- #1
karush
Gold Member
MHB
- 3,269
- 5
$\left[ \begin{array}{rrrr|r} 1& -5& 4& 0&0\\ 0& 1& 0& 1&0\\ 0& 0& 3& 0&0\\ 0& 0& 0& 2&0 \end{array}\right] $ OK my first move on this is $r_3/3$ and $r_4/2$.
|
Last edited:
$\left[ \begin{array}{rrrr|r} 1& -5& 4& 0&0\\ 0& 1& 0& 1&0\\ 0& 0& 3& 0&0\\ 0& 0& 0& 2&0 \end{array}\right] $ OK my first move on this is $r_3/3$ and $r_4/2$.
|
Row operations are used to simplify and solve systems of linear equations represented in a matrix form. By performing row operations, we can manipulate the matrix in order to find the solution to the system of equations.
The three types of row operations are: multiplying a row by a non-zero constant, swapping two rows, and adding a multiple of one row to another row. These operations do not change the solution of the system of equations.
A complete augmented matrix is in reduced row-echelon form when it satisfies the following conditions: all rows with all zero entries are at the bottom, the first non-zero entry in each row (called a leading entry) is a 1, each leading entry is the only non-zero entry in its column, and the leading entry in each row is to the right of the leading entry in the row above it.

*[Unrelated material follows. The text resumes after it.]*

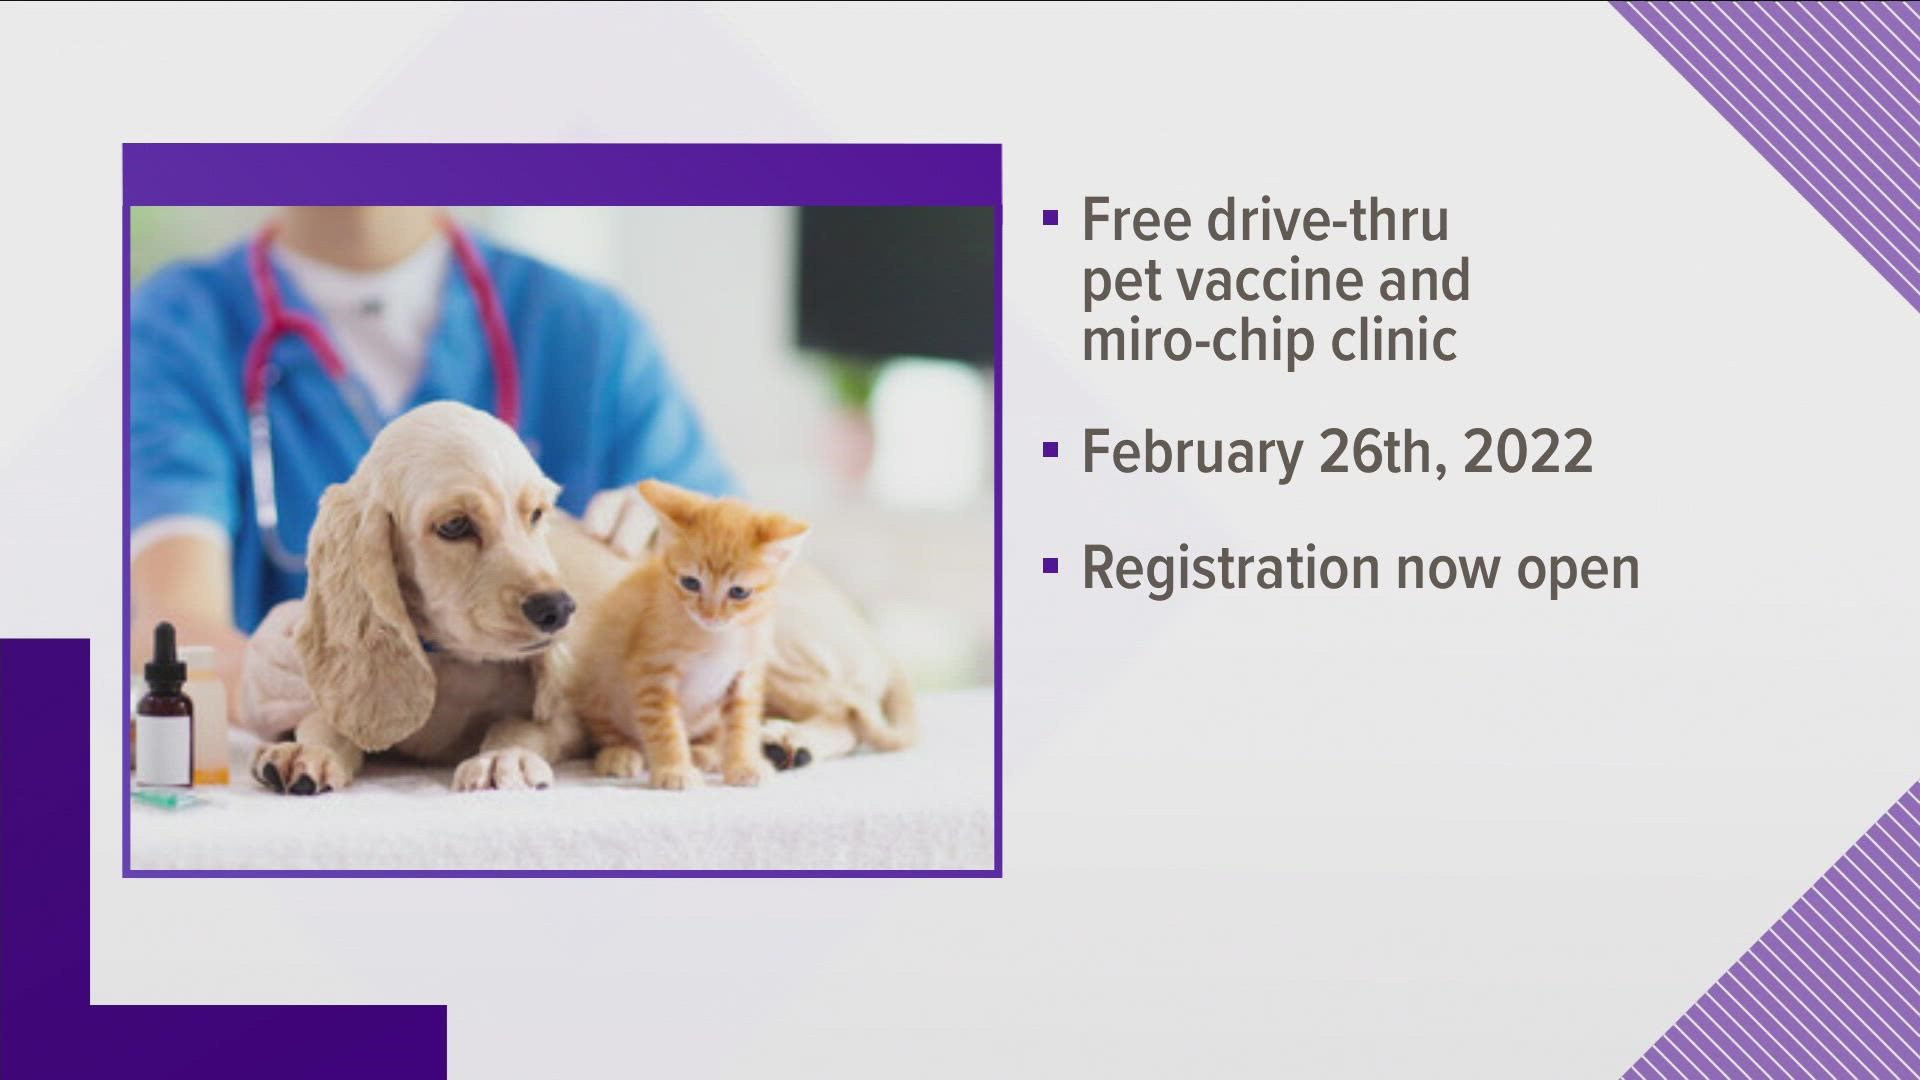 Free drive-thru pet vaccine and microchip clinic on Feb. 26

No, row operations do not change the solution of a system of equations. They simply rearrange the matrix in order to make it easier to find the solution.
By performing row operations, we can transform the matrix into reduced row-echelon form. Once the matrix is in this form, we can easily read off the solution to the system of equations. The variables will correspond to the columns without leading entries, and the constants will be the values in the last column.